Causal Theory for Gene Cause and Effect Relationships

Studying gene expression changes provides invaluable insights into cellular functioning, aiding researchers in comprehending the intricacies of disease development. With approximately 20,000 genes in humans that influence one another through complex interactions, pinpointing which gene groups to target presents a monumental challenge. Furthermore, genes operate collaboratively in regulatory modules, adding another layer of complexity.

Recently, researchers from MIT have laid down groundbreaking theoretical foundations for innovative methods that identify optimal ways to cluster genes into related groups. This technique enables a more efficient understanding of the underlying cause-and-effect dynamics between multiple genes.

A significant advantage of this method is its reliance solely on observational data, negating the need for costly and sometimes impractical interventional experiments.
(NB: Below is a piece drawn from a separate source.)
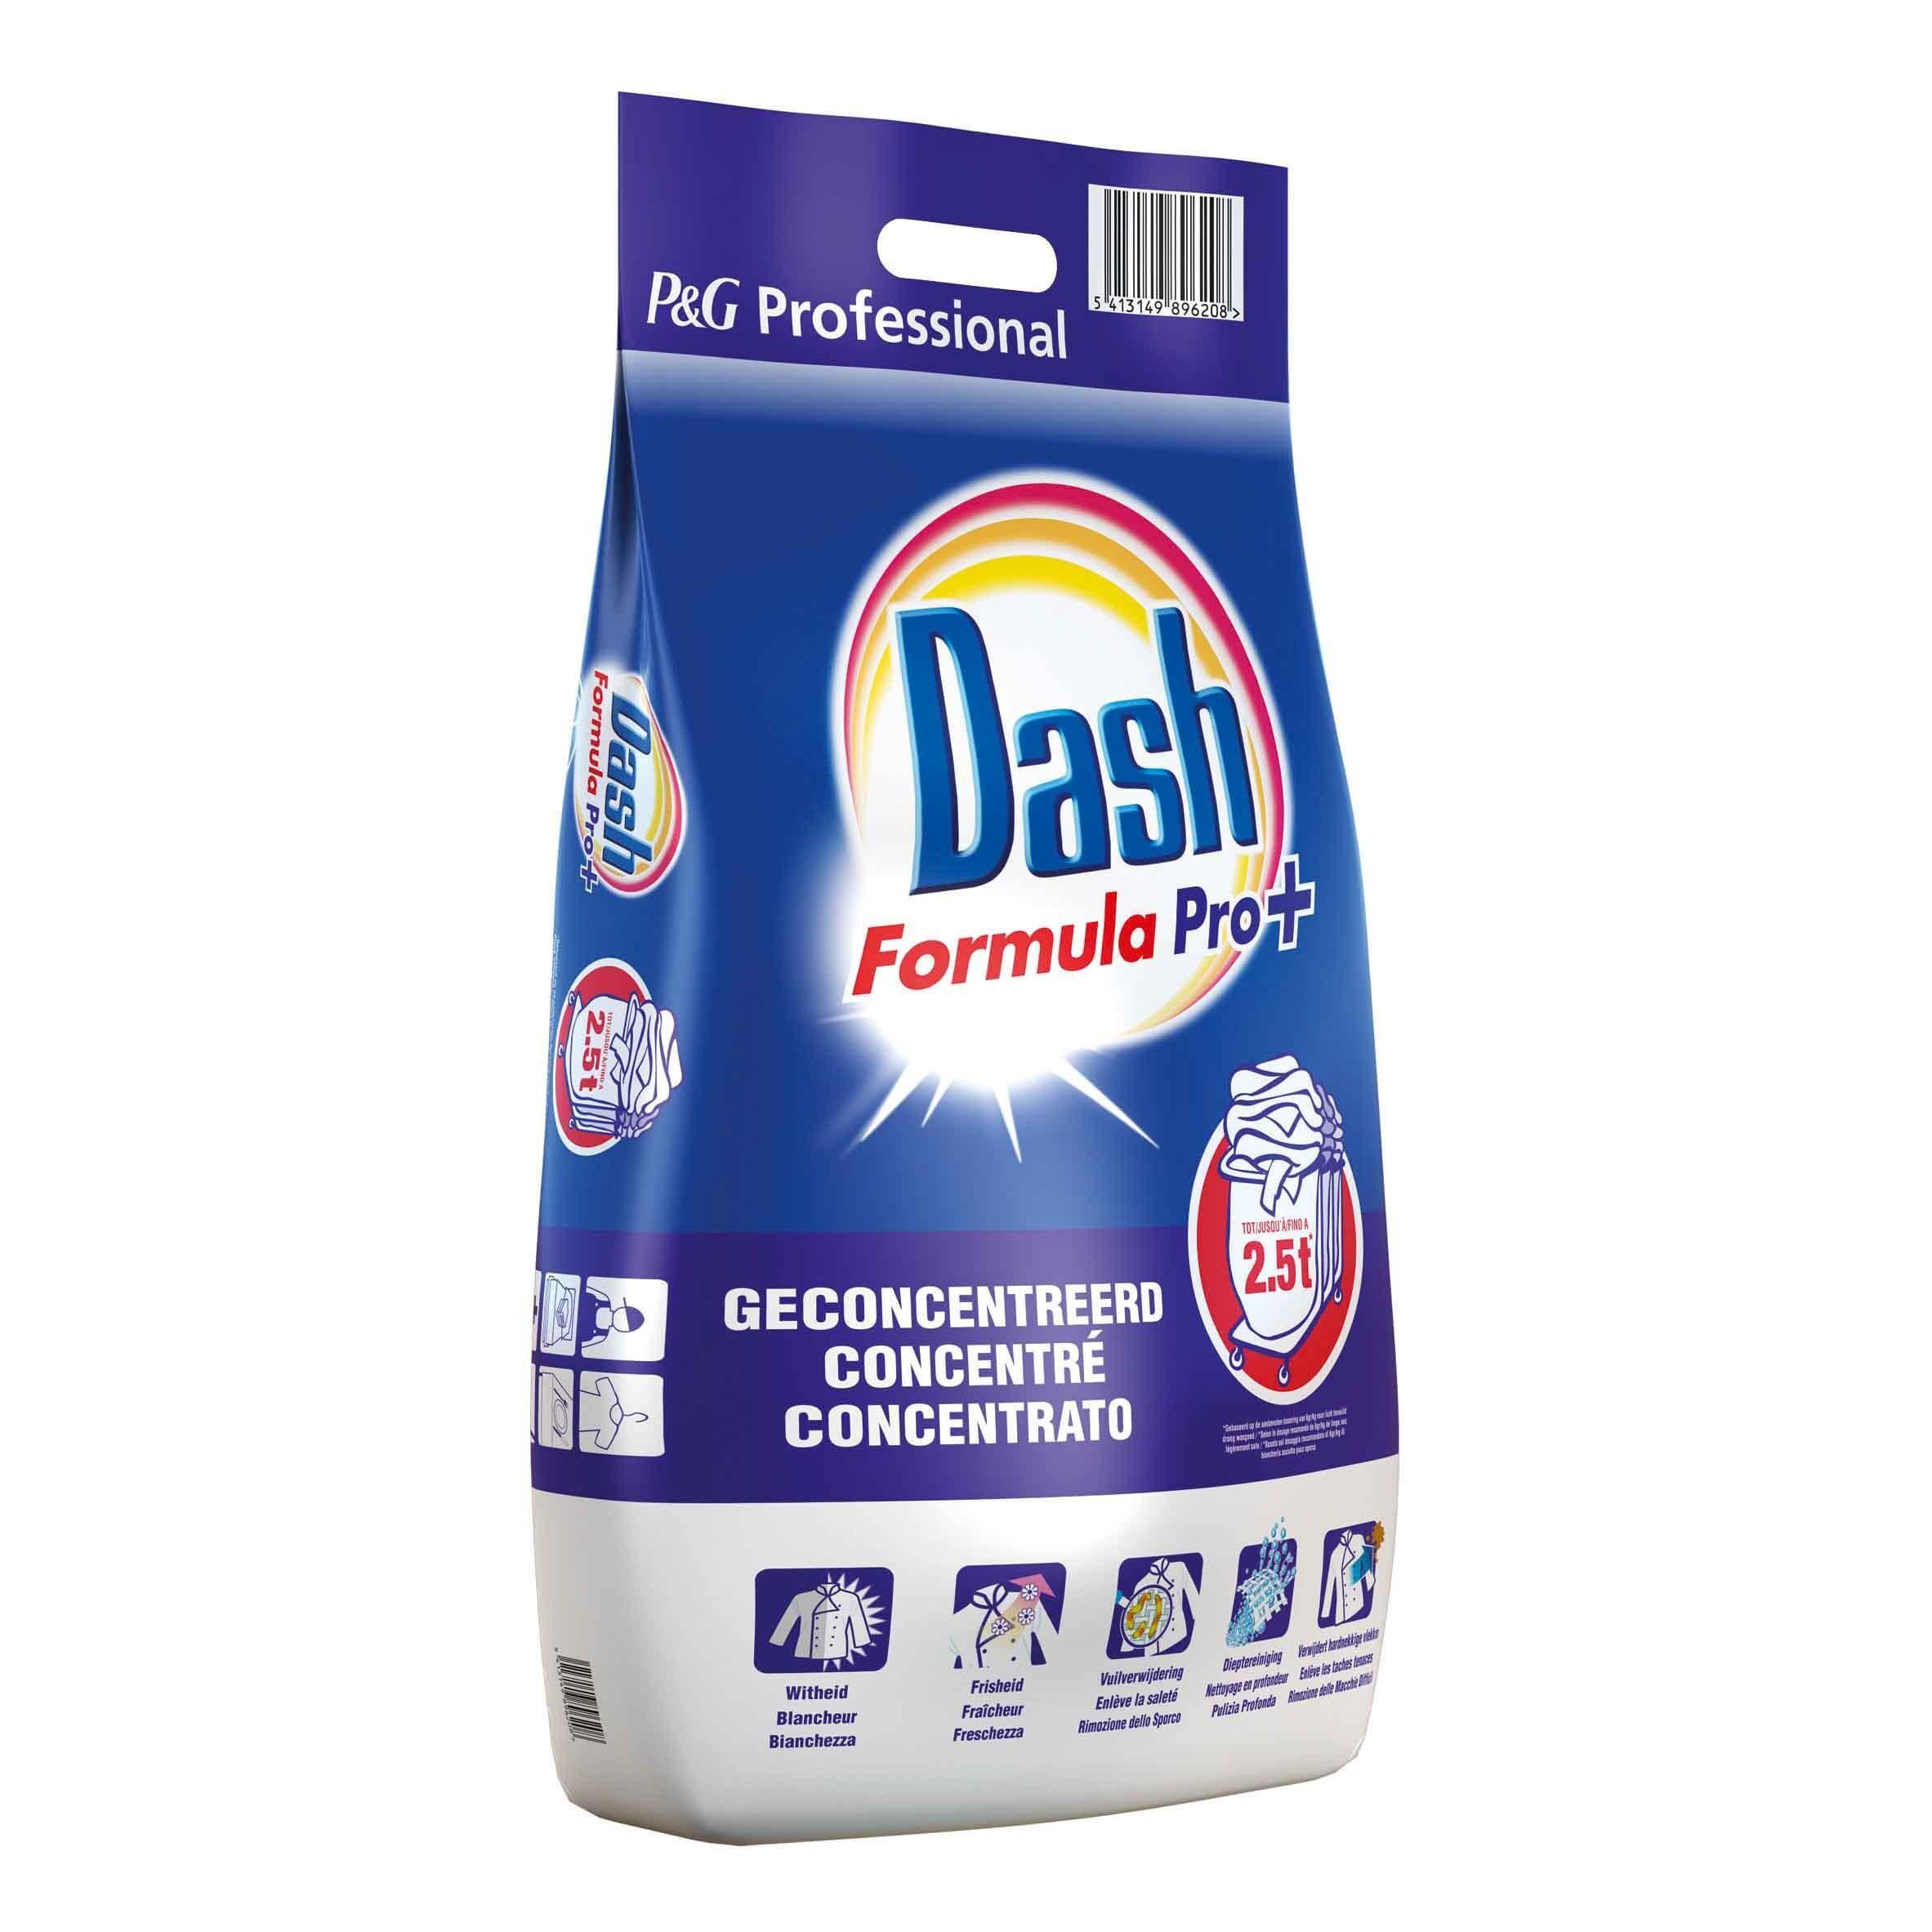 Dash formula pro+ 15kg waspoeder 150dos professional

In the long run, this technique could prove beneficial in identifying potential gene targets to influence desired behaviors, paving the way for more precise and tailored treatments for patients.

“Understanding the mechanisms behind cellular states is crucial in genomics. Given the multiscale structure of cells, the manner in which data is summarized can profoundly impact its interpretability and utility,” explains Jiaqi Zhang, a graduate student and co-lead author of the research. He is joined by Ryan Welch, a co-lead author pursuing his master’s degree in engineering, and senior author Caroline Uhler, a professor in the Department of Electrical Engineering and Computer Science (EECS) at MIT.

Observational Data: A New Frontier

The MIT team focused on untangling gene programs; these programs illustrate how genes collaborate to regulate each other during vital biological processes, including cell development and differentiation. Given that studying all 20,000 genes simultaneously is untenable, they employed a technique called causal disentanglement to group related genes into a coherent representation, facilitating efficient exploration of cause-and-effect relationships.

The researchers had previously showcased this technique’s effectiveness with interventional data obtained through variable perturbation. However, accessing such experimental data is often not practical, ethical, or technologically feasible. Relying on observational data alone impedes researchers from comparing gene interactions pre- and post-intervention.

“Most causal disentanglement research presumes the availability of interventions, leaving uncertainty about what can be achieved using solely observational data,” remarks Zhang.

The researchers developed a broader approach, leveraging machine learning algorithms to cluster observed variables (like genes) using only observational data, enabling them to identify causal modules and construct a precise representation of causal mechanisms.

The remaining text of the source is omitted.